Дело свое надо правильно делать, жить по правде. Мы же сами знаем, что не доделали, не дорепетировали. Каждый знает.
— Каждый? Посмотрите, в наших деревнях мужики в беспробудном пьянстве лежат и встать не могут. Каждый?
— Не мое дело, — отмахивается он, и возвращает иглу на пластинку.
— Не мое? Это — моя страна. И люди — наши.
— Повторяю, из отдельных клеток все складывается.
— И вы не хотите обращать внимание на те клеточки, которые тонут?
— Обращая внимание на те клеточки, вы загубите свою.
— Я так не думаю.
— А закон такой.
— Неужели вы думаете, что, видя тонущего, человек должен стоять, смотреть и в это время думать о том, как бы душу свою спасти?

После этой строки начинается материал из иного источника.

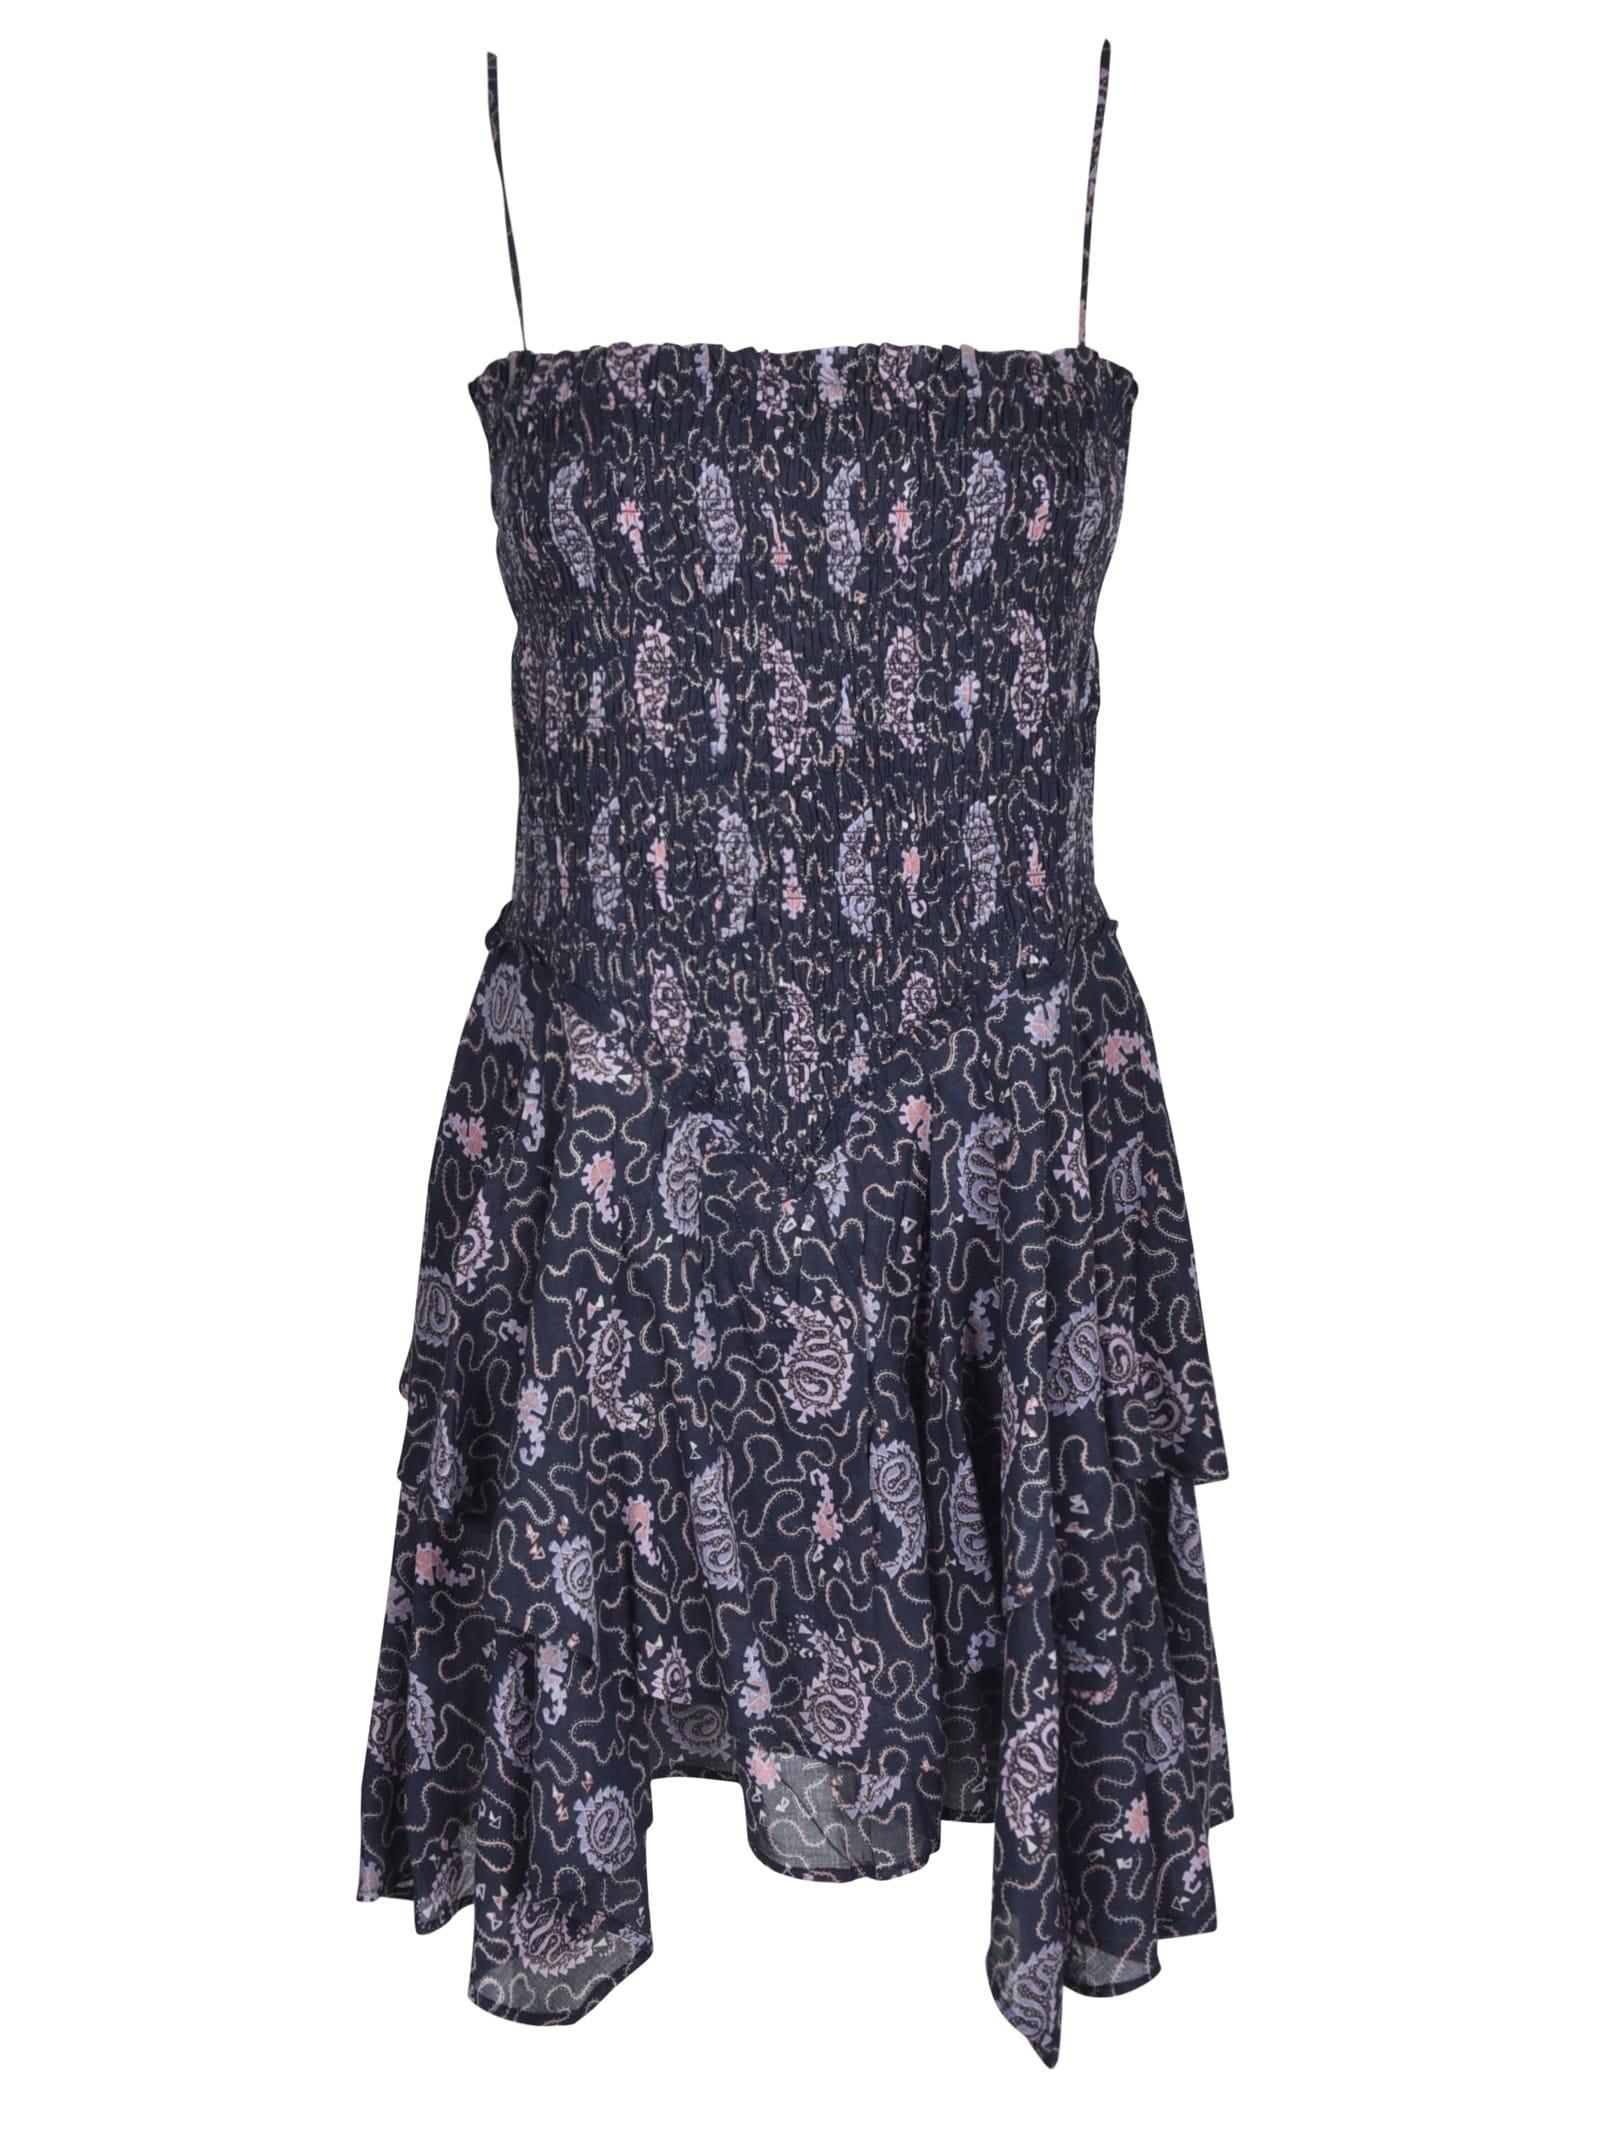 Isabel Marant Anka Dress

— Вы, не умея плавать, утонете. Реальную картину представьте. Тонет человек. А вам говорят — «Какая же ты немилосердная! Спаси другого!». А ты отвечаешь — «Тон-у-у», — говорит Мамонов и снова слышится слабый ручеек. — А ты говоришь: «Я плавать не умею…»
— Нужно научиться.
— Да, — вскидывается он. — Да, да! Абсолютно четкий ответ. Замечательный ответ. В десятку! — он говорит, как учитель, и мне приятно, что он меня хвалит. — Вся наша жизнь уходит на то, чтобы научиться переплыть. Церковь есть корабль. Мы в этом корабле — и только. Никаких трех дорог. Вся жизнь, если она настоящая, должна уходить на умение плавать. Потому что за гробом мы такие, какие придем. Чему не научимся, тому не научимся. Что нас мучило, то и будет мучить. Хочу курить. Если не успею победить, и там буду хотеть, а там нечего, но жечь будет также. Вот что такое муки вечные. На что я, дурак, себя обрекаю, выпивая пиво? Почему? А кто знает…
— Так постарайтесь еще.
— Я не алкоголик, не в этом дело. Дело в том, что душа моя хочет этих сластей. Если я десять лет терплю, но мне хочется выпить, я пьяница все равно. Бог хочет от нас качества наших душ. Смотря на себя, раз разговор обо мне, скажу, что не начато даже ничего.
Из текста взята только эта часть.